On Fri, Oct 1, 2010 at 3:57 AM, Julian Foad <julian.f...@wandisco.com> wrote:
>> Adds a public API function, svn_subst_translate_string2(), an extension of
>> svn_subst_translate_string(), that has two, additional output parameters for
>> determining whether re-encoding and/or line ending translation were 
>> performed.
>
> If we're going to add this functionality to _translate_string(),
> shouldn't we also add it to the other variants - _detranslate_string,
> _translate_cstring2, _stream_translated, _copy_and_translate4?
>
> I see you're adding the infrastructure into the (new) bodies of
> _translate_cstring2 and _stream_translated, just not (yey) exposing it
> in their APIs.
>
> I'm not sure.  The set of 'translation' functions is already messy and
> it's not clear to me how useful this new functionality will be.

I originally began working on svn_subst_translate_string2() because I
could not find a combination of public API functions that would allow
me to determine whether the line endings changed when a string was
both re-encoded to UTF-8 and normalized to LF line endings.
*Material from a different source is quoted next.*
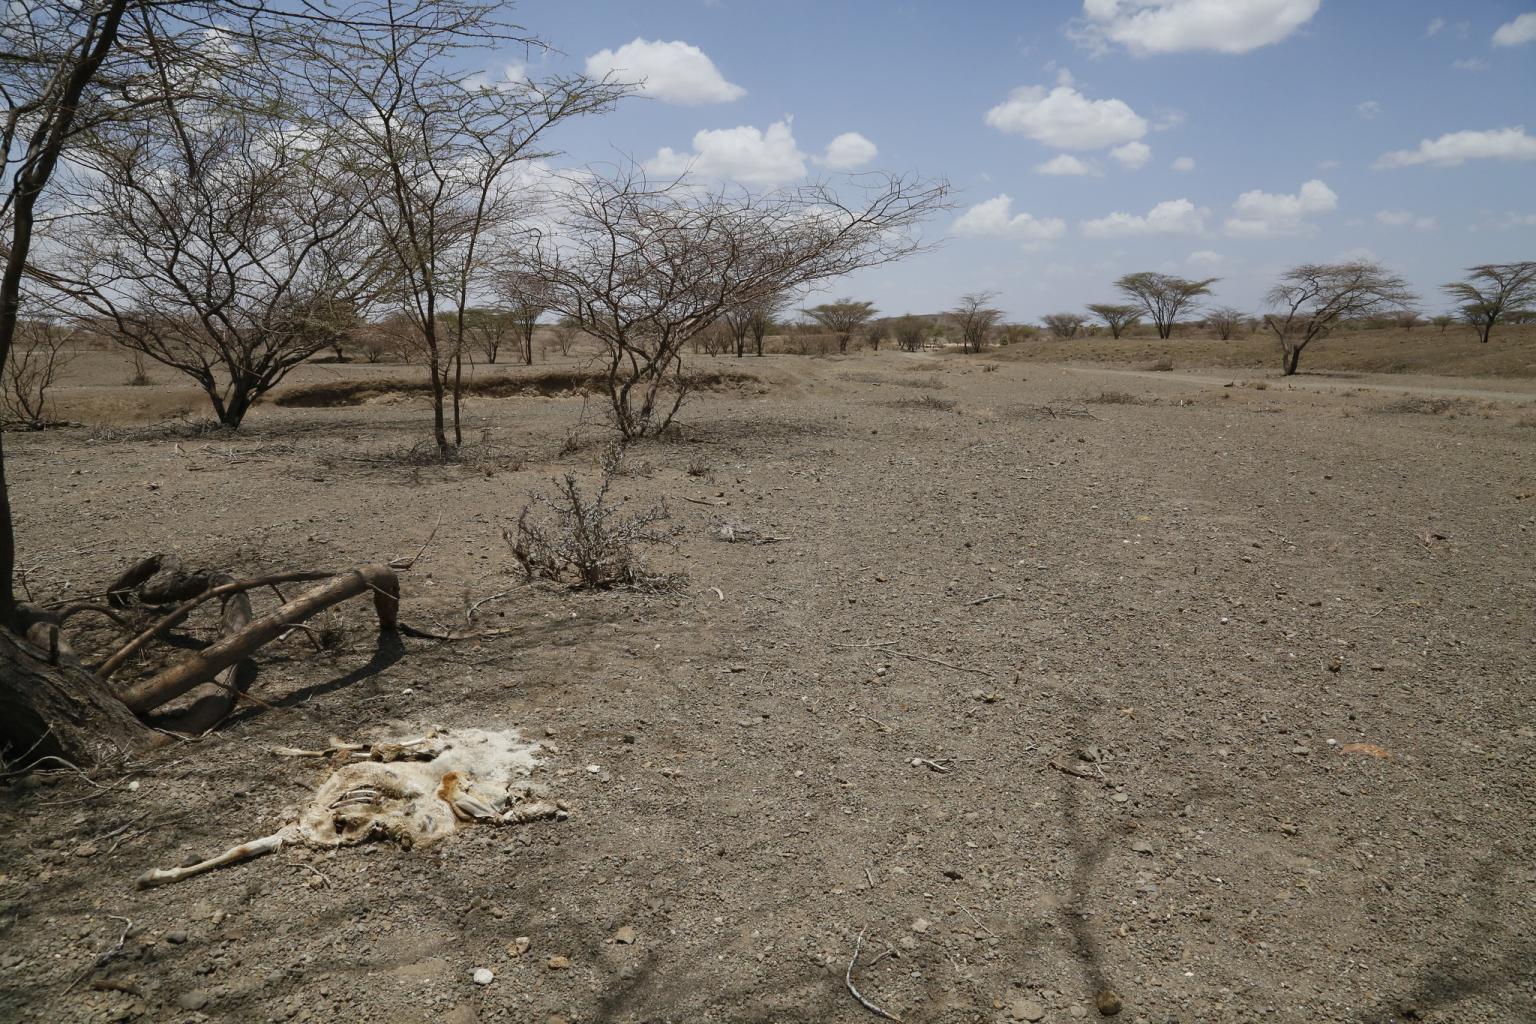 Animal remains on a dry river bed in Kenya

The most
applicable, svn_subst_translate_string(), performs both translations
without indicating whether it re-encoded the string or normalized a
line ending.

An alternative to extending svn_subst_translate_string() is to add a
public API function that does the re-encoding and another that
normalizes line endings. I think, however, that extending
svn_subst_translate_string() is better because though the current
implementation of svn_subst_translate_string() re-encodes, then
normalizes line endings, the single API function allows for the
possibility of a future improvement in efficiency as a result of
performing both translations simultaneously.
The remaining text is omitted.